Will Rocky Mountain Equipment Head South?
Rocky Mountain Equipment, calls itself “Canada's largest agriculture equipment dealer and the largest Case IH dealer in North America.” During its investors’ meeting in late May, the dealership group announced an ambitious plan to grow its revenues by $500 million by 2023. It’s 2017 revenues were $960 million.
In addition to organic growth, RMEs plan to increase revenue also includes acquisitions in its current footprint that covers much of Alberta, Saskatchewan and Manitoba, and could include acquisitions in the Western U.S. RME says a U.S. acquisition would be “transformational” for the dealer group. Such a move would help it mitigate a number of risks including currency, crop, weather, political, transportation and tariffs through risk diversification.
Ag Equipment Intelligence caught up with Garrett Ganden, RME’s president and CEO, last week to discuss the possibility of the dealership group’s expansion into the U.S. He said any U.S. acquisition would need to meet certain criteria that includes:
- Approval from CNH;
- A well-run operation with a strong management team; and
- A large enough revenue base of approximately USD $100 million, to serve as a growth platform in the U.S.

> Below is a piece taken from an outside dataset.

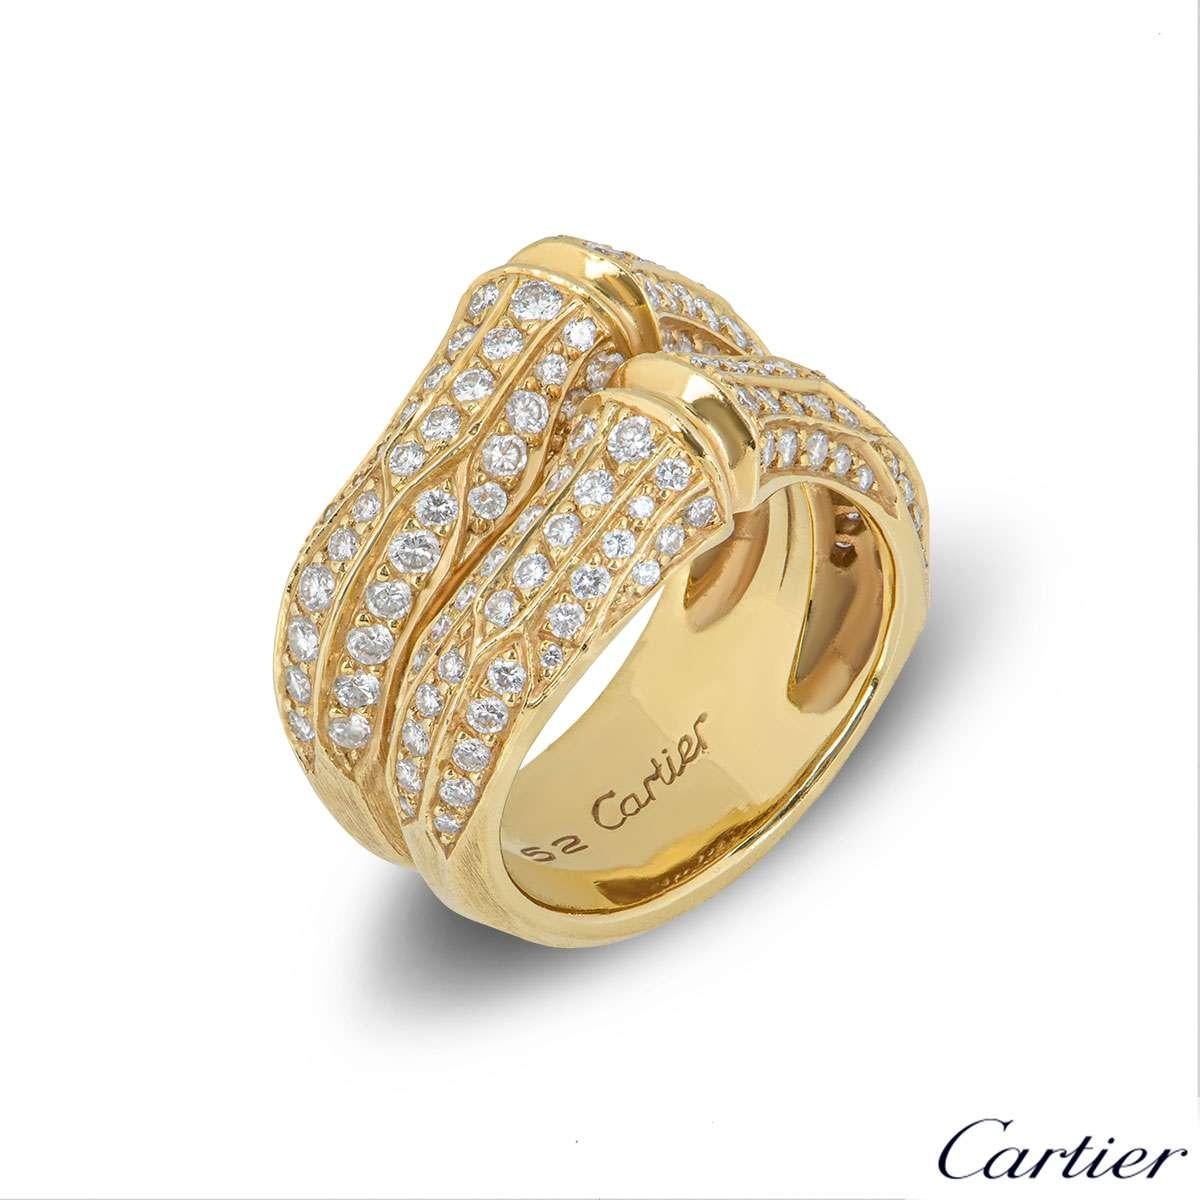 An 18k yellow gold diamond set ring from the Cartier Bamboo collection. The ring is set to the centre with 2 iconic bamboo motifs, each pave set with round brilliant cut diamonds totalling approximately 1.65ct. The 12mm ring features a brushed

With the announcement of a definitive agreement to acquire the two locations of John Bob Farm Equipment in Saskatchewan, RME currently operates 36 store locations.
Dealers on the Move
Other Dealers on the Move this week include Champlain Valley Equipment, Wichita Tractor, Alberta Ag Centre, AgriVision, Sydenstricker Implement, Terry Implement and LandPro Equipment.
Vermont New Holland dealer Champlain Valley Equipment has closed its East Randolph store. For now the store has been consolidated with the dealership’s Berlin location. Champlain Valley Equipment is currently in the site approval and permitting process to build a new, expanded location in Berlin.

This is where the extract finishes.